Statistical Analysis
Statistical analyses were performed using Graphpad Prism v8.0.0 (GraphPad Software, Inc). For the aggression bioassays, a two-way ANOVA was first performed followed by Holm-Sidak’s multiple comparisons test to compare NM vs. nNM aggression as well as aggression across antennal treatments. For the antennal ablation mobility controls as well as the BMOR bioassays, a Kruskal-Wallis test was performed followed by Dunn’s correction for multiple comparisons. As the volatilization mobility controls had matched samples across different time points, a repeated measures two-way ANOVA with the Geisser-Greenhouse correction for violations of sphericity was performed. The number of replicates for each study were as follows: Ablation Aggression Bioassays: NMs – Sham (9), U.abl (10), B.abl (6); nNMs – Sham (10), U.abl (9), B.abl (6). Mobility Controls (Ablation): Sham (29), U.abl (29), B.abl (24). Volatile Orco Modulator Aggression Bioassays: NMs – Blank (10), VUAA0 (10), VUANT1 (12), VUAA4 (10); nNMs - Blank (12), VUAA0 (11), VUANT1 (10), VUAA4 (12). Volatile Orco Modulator BMOR Bioassay: Blank (11), VUAA0 (10), VUANT1 (10), VUAA4 (10). Mobility Controls (Volatilization): Blank (8), VUAA0 (8), VUANT1 (7), VUAA4 (9). Information regarding the statistical test performed and the results from these analyses have been detailed in Dataset S1.
Data Availability
All data generated or analyzed during this study are included in this published article (and its supplementary information files) (Datasets S2-6).
Acknowledgments
We thank the laboratories of our colleagues Dr.
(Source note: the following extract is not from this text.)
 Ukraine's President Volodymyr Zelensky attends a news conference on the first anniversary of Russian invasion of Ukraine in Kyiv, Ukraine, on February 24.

J. Liebig (Arizona State University) and Dr. S. L. Berger (University of Pennsylvania) for ant collections. We also thank Drs. Berger, R. Bonasio, P. Abbot, A. Carr and HW Honegger for comments on the manuscript. We lastly thank Drs. HW. Honegger, J. Slone and R. Jason Pitts and Mr. Zi Ye along with other members of the Zwiebel lab for suggestions throughout the course of this work, Dr. S. Ochieng for ant rearing and technical help and Dr. AM McAinsh for editorial assistance. This work was supported by a grant from the National Institutes of Health (NIGMS/RO1GM128336) to LJZ and with endowment funding from Vanderbilt University.